Des pictogrammes en image, objet, dessins sont conçus pour appuyer chaque activité afin de faciliter l’accès à l’apprentissage chez l’enfant.

En effet, comme les acquisitions scolaires ou celles qui permettent à l’enfant de reconnaitre son environnement. Pour quelques enfants, chassés de l’école pour le problème des échecs scolaires à répétition, les évaluations diagnostiques réalisées avant la décision d’inscription pour tous les enfants nous indiquent le profil de personnalité de chacun.

En ce qui concerne le niveau scolaire, nous nous référons à la qualité du graphisme, à la lecture des images (niveau préscolaire) et lecture des lettres, le nombre, les chiffres et les opérations mathématiques de base pour le niveau primaire.

Etant donné que la majorité d’enfant avec autisme est diagnostiqué avec un déficit intellectuel pouvant le situer au niveau préscolaire, nous accordons une importance aux activités préscolaires destinées à mettre l’enfant en confiance. Nous utilisons par exemple les images de la famille (parents, frères et sœurs et tous les proches qui vivent avec l’enfant) pour lui permettre de reconnaitre les siens.

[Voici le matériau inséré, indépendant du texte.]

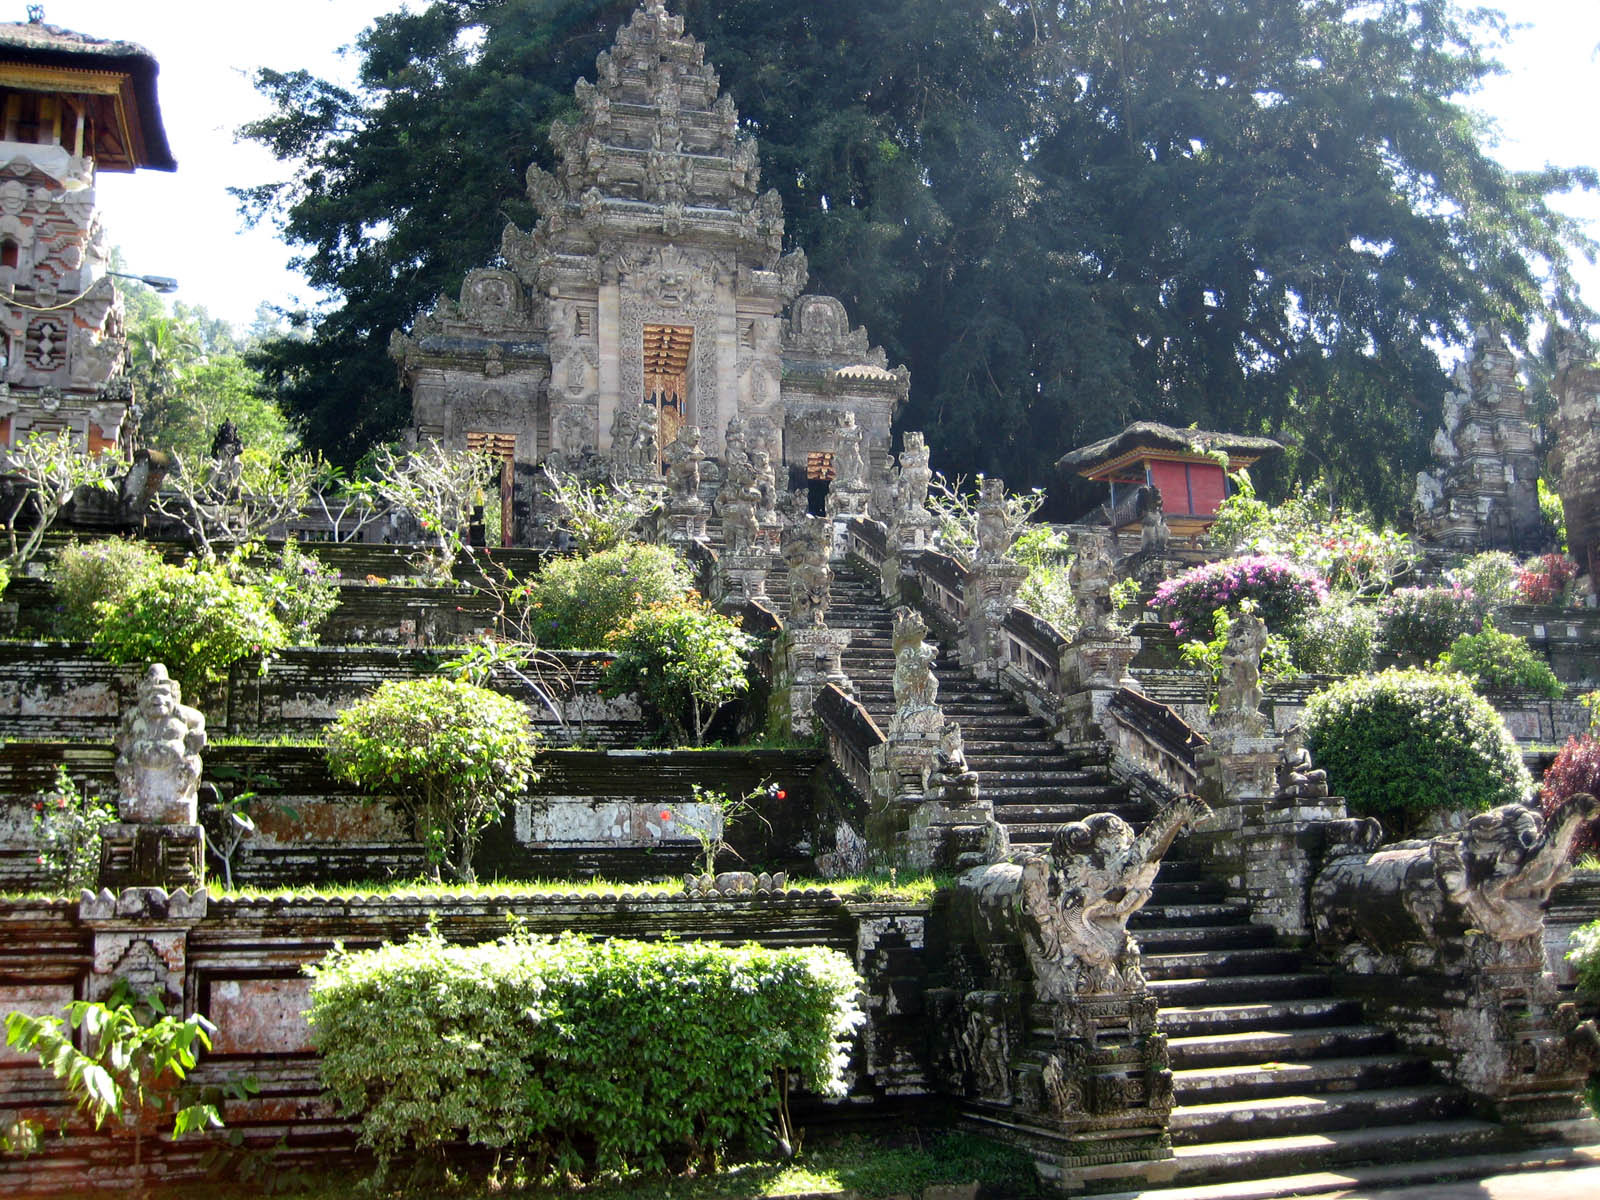 Photo via www.BaliTourismBoard.org

La quatrième activité est en lien avec la communication

Il s’agit de la principale raison de demande de consultation. Les parents prennent rendez-vous pour consulter parce que l’enfant ne parle pas : « je ne l’ai jamais entendu parler en dehors des pleurs ou des cris … » ; « il a parler et par la suite, a perdu tout, ne parle plus jusqu’à ce jour … » ; « il utilise un langage incompréhensible pour communiquer, exprimer une demande … » c’est ce que nous appelons langage idiosyncrasique ; « il est incapable de soutenir une conversation, d’expliquer ce qui s’était passé à l’école … », etc.

L’objectif poursuivi est de faciliter l’expression de l’enfant, l’aider à communiquer et à généraliser cette compétence pour la simple raison que souvent on pense que lorsque l’enfant est non verbal, cela revient à dire qu’il a une déficience intellectuelle.

Donc, pendant les répits, nous essayons d’aider certains enfants à contextualiser la communication et les parents et les proches sont demandés à s’impliquer en famille.

Cette activité se fait en lien avec toutes les autres : lors des loisirs, de la réalisation des activités cognitives, lors d’apprentissage des comportement autonomes, etc.

Nous essayons d’obtenir la généralisation des compétences pour chaque objectif travaillé.

Etant donné que nous n’avons pas un logopède (parce qu’il y a carence chez nous), en fonction de nos connaissances en orthopédagogie, nous procédons à une rééducation de langage orale et écrite adaptée aux besoins de chaque enfant. Les éducateurs sont initiés par nous même au fur et à mesure.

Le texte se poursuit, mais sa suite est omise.